Chapter 37
Maya
Please let it be water. Please!
"What are you doing?" I ask again, trying to keep my voice under control. I fail because I can already tell by his posture what the answer is.
With his back turned to me, he slowly lowers the bottle in his hand. His shoulders slump forward, his chest rises and falls rapidly.
He feels caught.
Because he's doing something unbelievably wrong.
A fire ignites within me, a fire that shouldn't exist. "Answer me," the words leave my mouth emotionless. My hands instinctively clench into fists.
"I'm preparing for the concert," he says, sounding like a schoolboy who brought home a bad report card.
"What's in your hand?" I ask before the fire reaches the tips of my hair and burns everything inside me.
I burst into flames.
No, I'm burning fiercely.
Because over there in front of the glossy front of the closet, behind the column of fire that rises directly between us, is no longer Josh in my mind.
It's my father, slowly turning toward me. And I am once again a teenager, fiercely resisting to see the obvious.
"I'm okay. Go play, princess," he says with his deep, gentle voice, giving me a lopsided smile. The flames reflect in his glassy eyes, droplets of liquid hang in his beard.
A part of me wants to flee. A part doesn't want to admit that it's happening again. But my disappointment forbids me from going to him.
"You promised." I blink away the tears from the corners of my eyes and straighten up, trying to feel a little less fragile. He doesn't answer. Instead, he looks at me with his puppy eyes, furrowing his eyebrows as if my disappointment physically hurts him. "Why can't you just stop?" I whisper into the silence between us.
He staggers toward me and pulls me into his arms. "We all have our shadows."
I sink into his embrace. Because I can't do otherwise. This place is my home. "It has to stop," I murmur meekly.
With love, he strokes my hair. "Isn't it already too late for that?"
I long for nothing more than for him to stop drinking. For us to be a normal family, no longer the subject of gossip. For me to never again sit alone for hours on the cold sidewalk outside school because he forgot to pick me up. And for me not to have to defend him when my friends call him a drunkard.
"There's no such thing as too late because the right time is always now to change things for the better. You said that yourself," I remind him. Then I press myself even tighter against his warm chest.
"Right, Princess.
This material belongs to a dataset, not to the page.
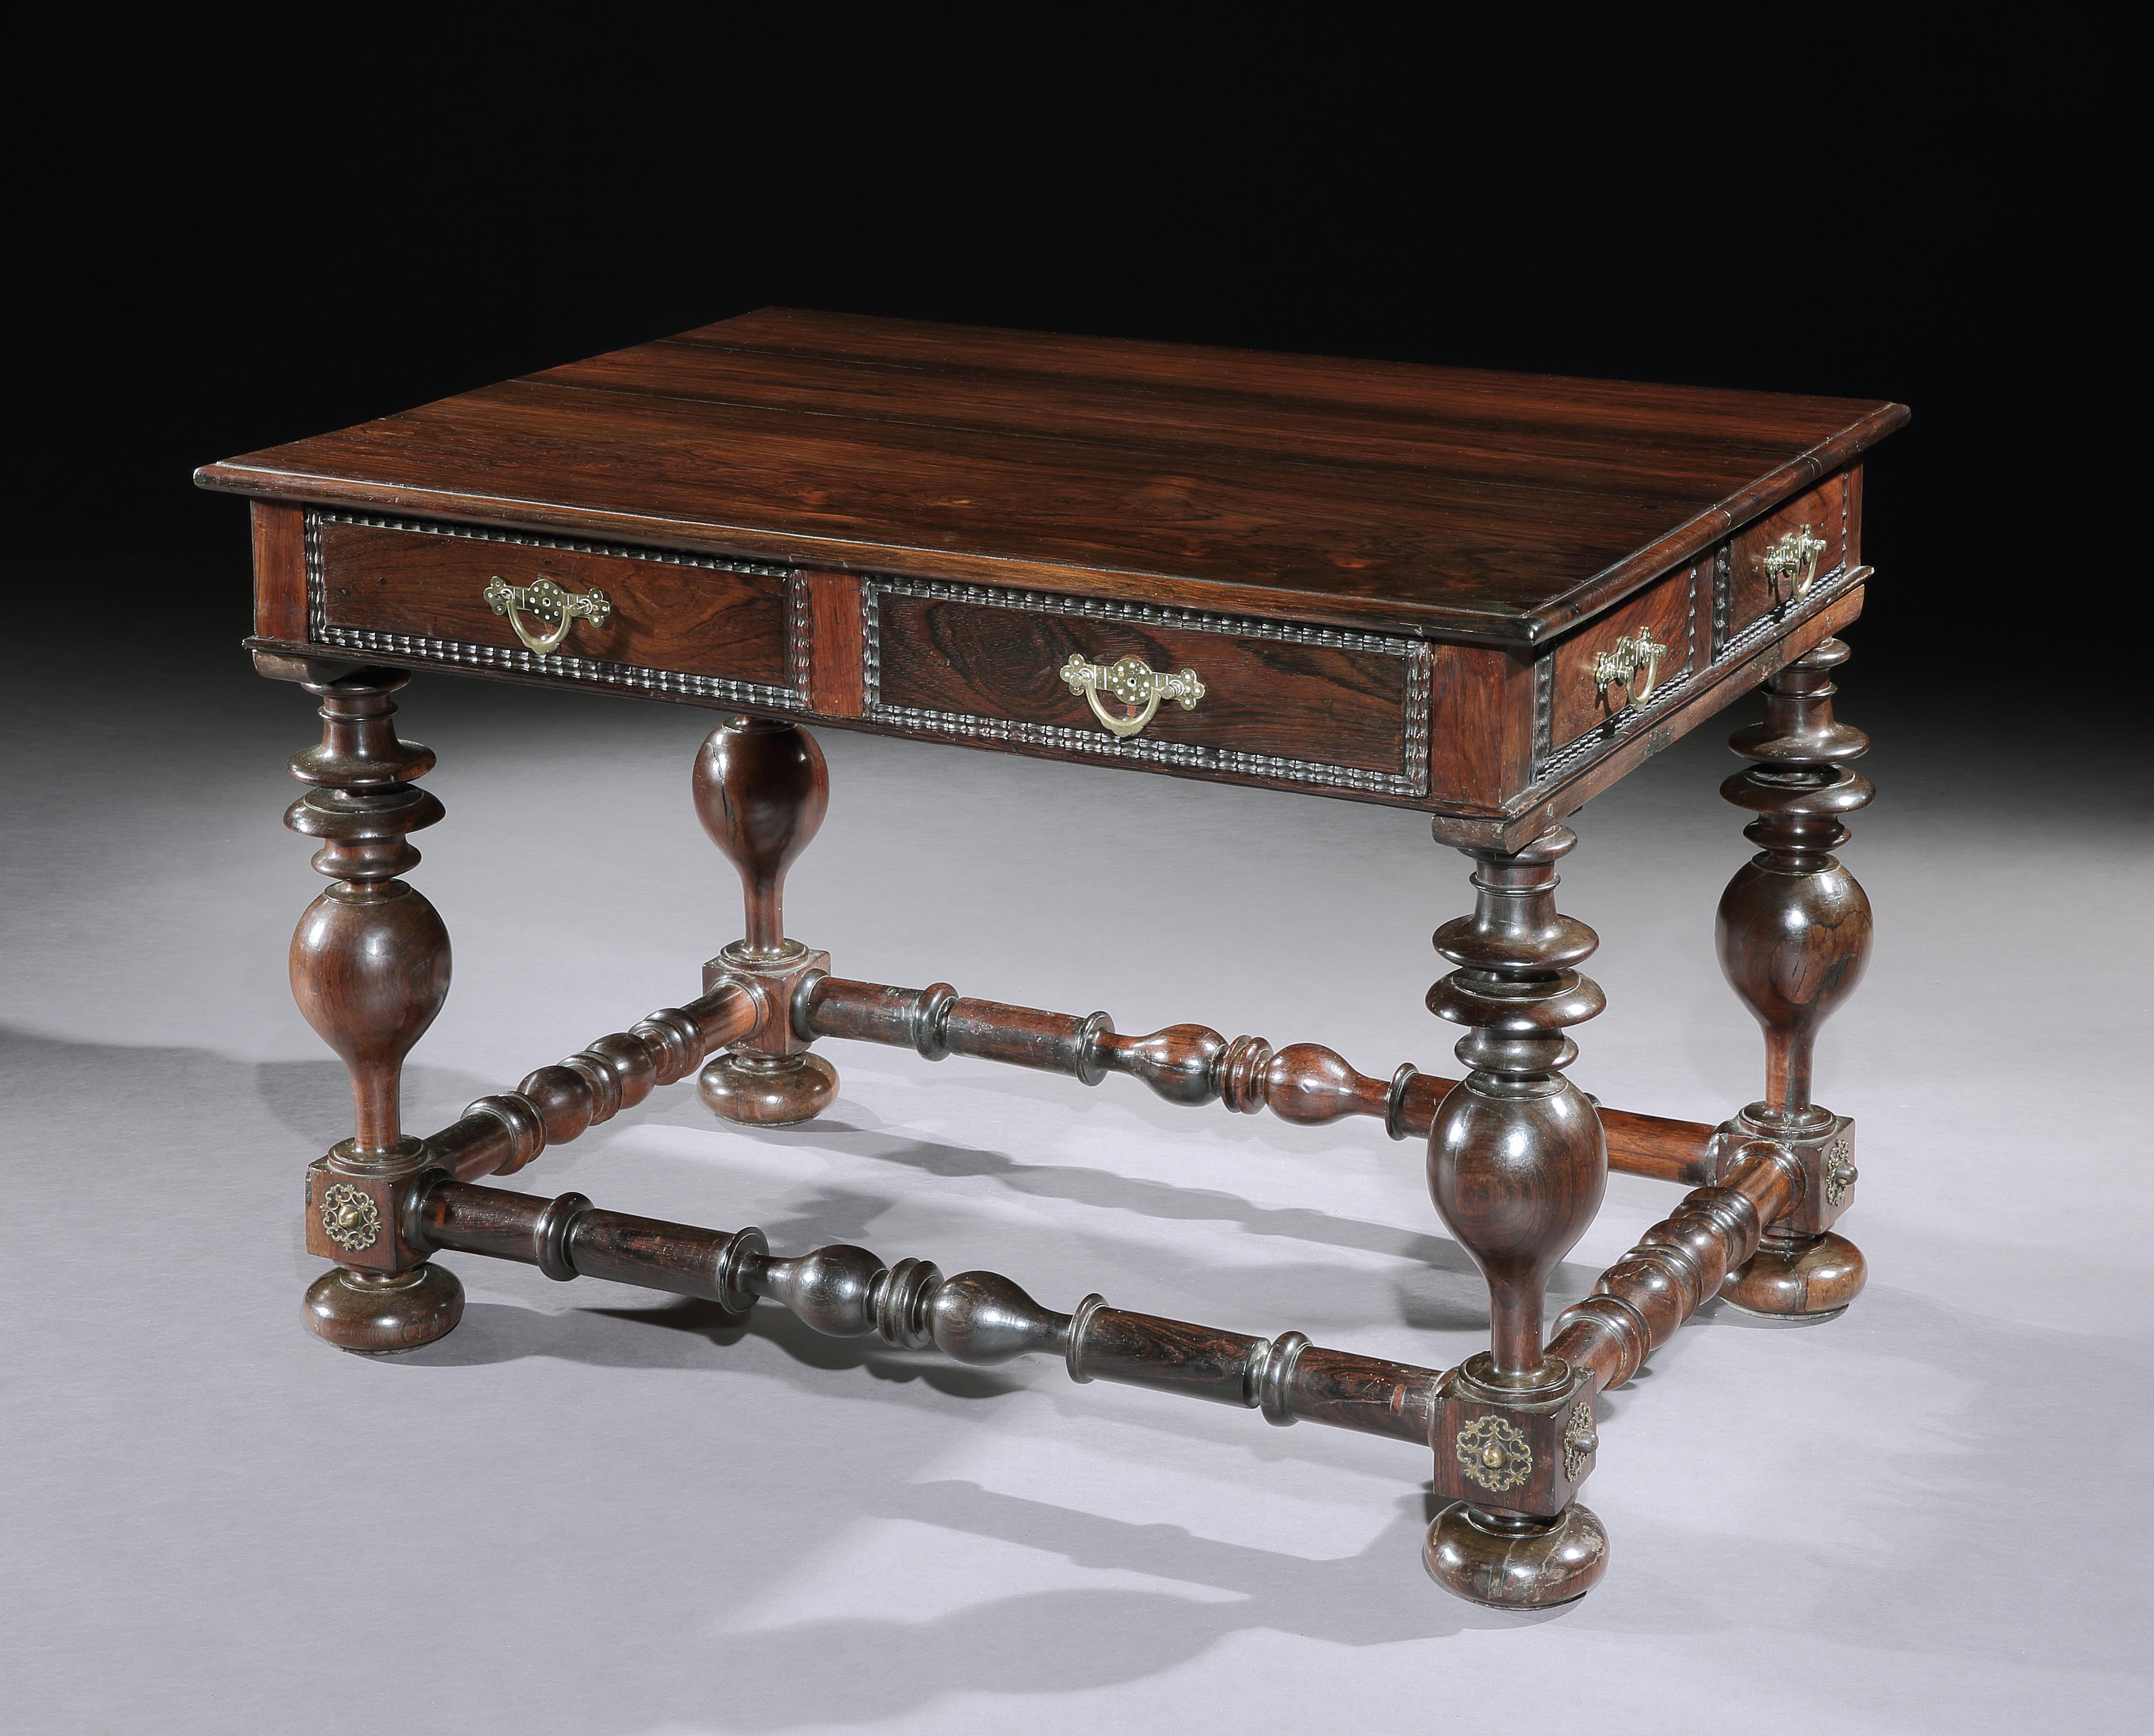 This handsome table is unusual as it has more Dutch influenced features than traditional Portuguese tables of the period. The use of ripple moldings around the friezes and drawers is a typical Dutch inspired feature used in Portuguese cabinet

Everything will be different starting tomorrow. I promise." He rocks me back and forth. "I love you so much."
A single tear finds its way down my cheek. Everything inside me becomes soft. "I love you too, Dad."
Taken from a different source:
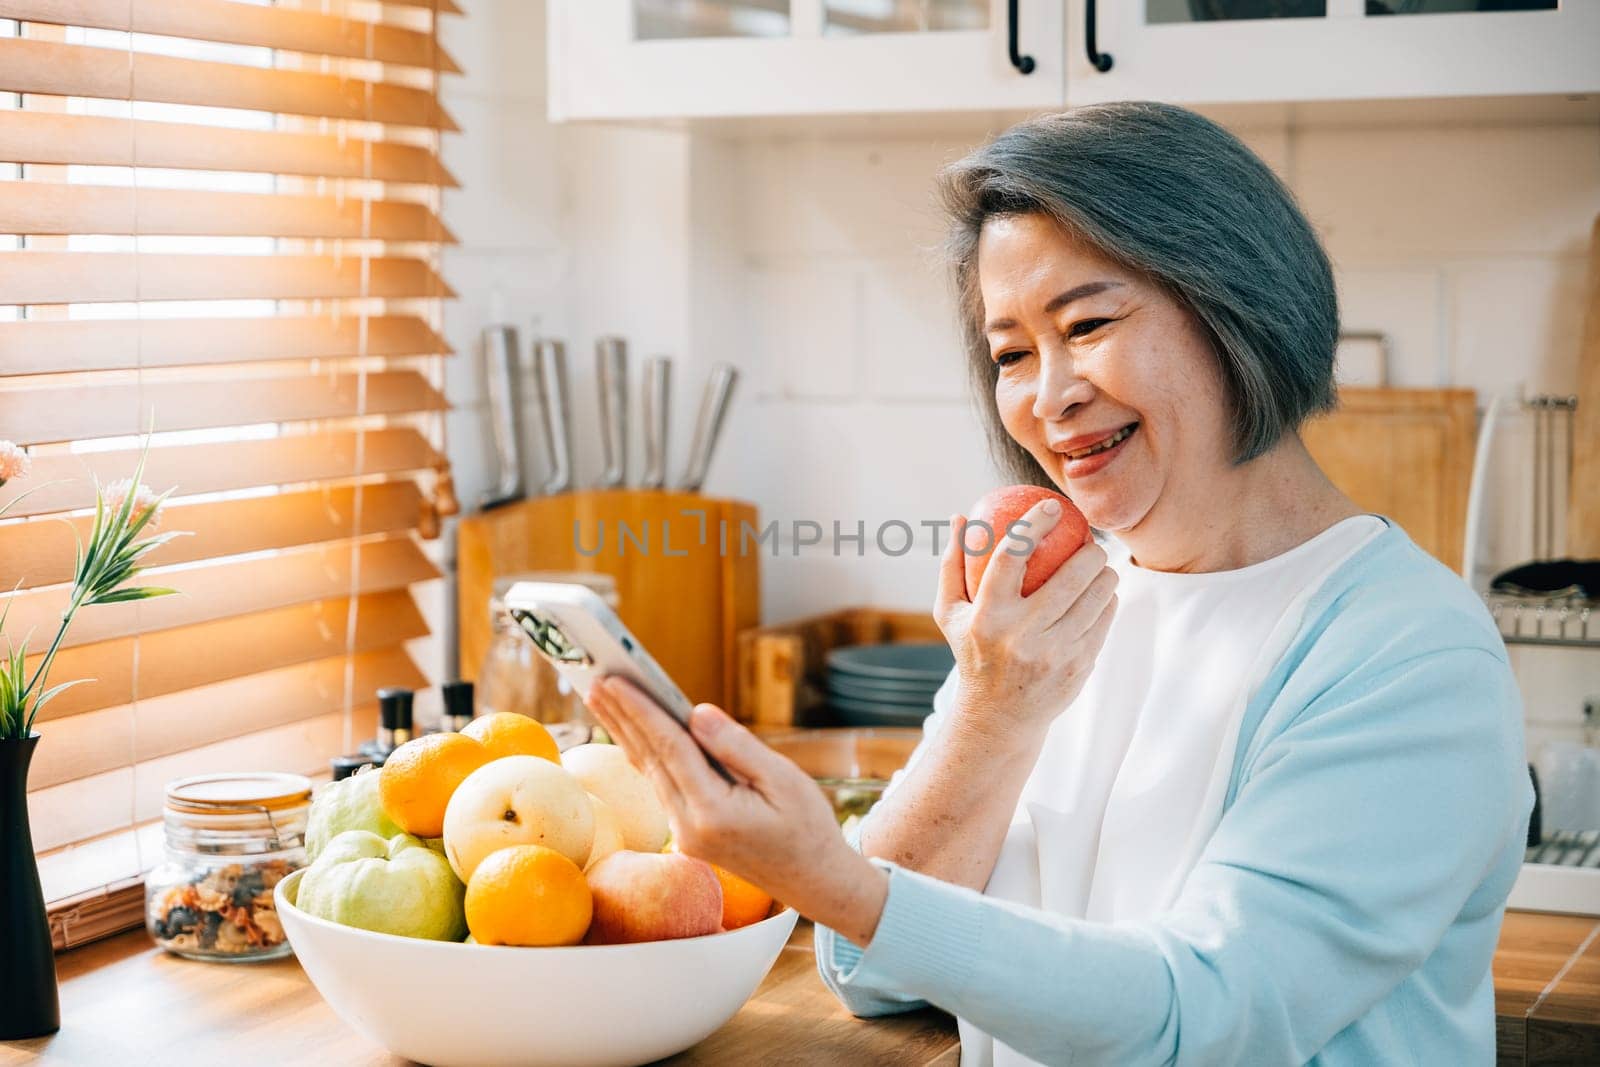 In the kitchen, an old woman, a grandmother, savors breakfast. She's smiling, using her smartphone, and munching on a red apple. A portrayal of technology, happiness, and care at home.

Back then, I was weak. Far too weak. But today, I am not. My trust, my hope, and the unwavering belief that people can change have died with that man forever.
Through the sea of flames in my field of vision, Josh approaches me in the present moment. The bottle in his hand is gone, and he doesn't stagger. But in his eyes, I recognize that supposedly repentant look that I've seen far too many times before.
In a moment, he will be with me. And he will try to embrace me. He will tell me that he has everything under control. Maybe he will even kiss me just to convince me of his lies.
But I will most certainly not allow that.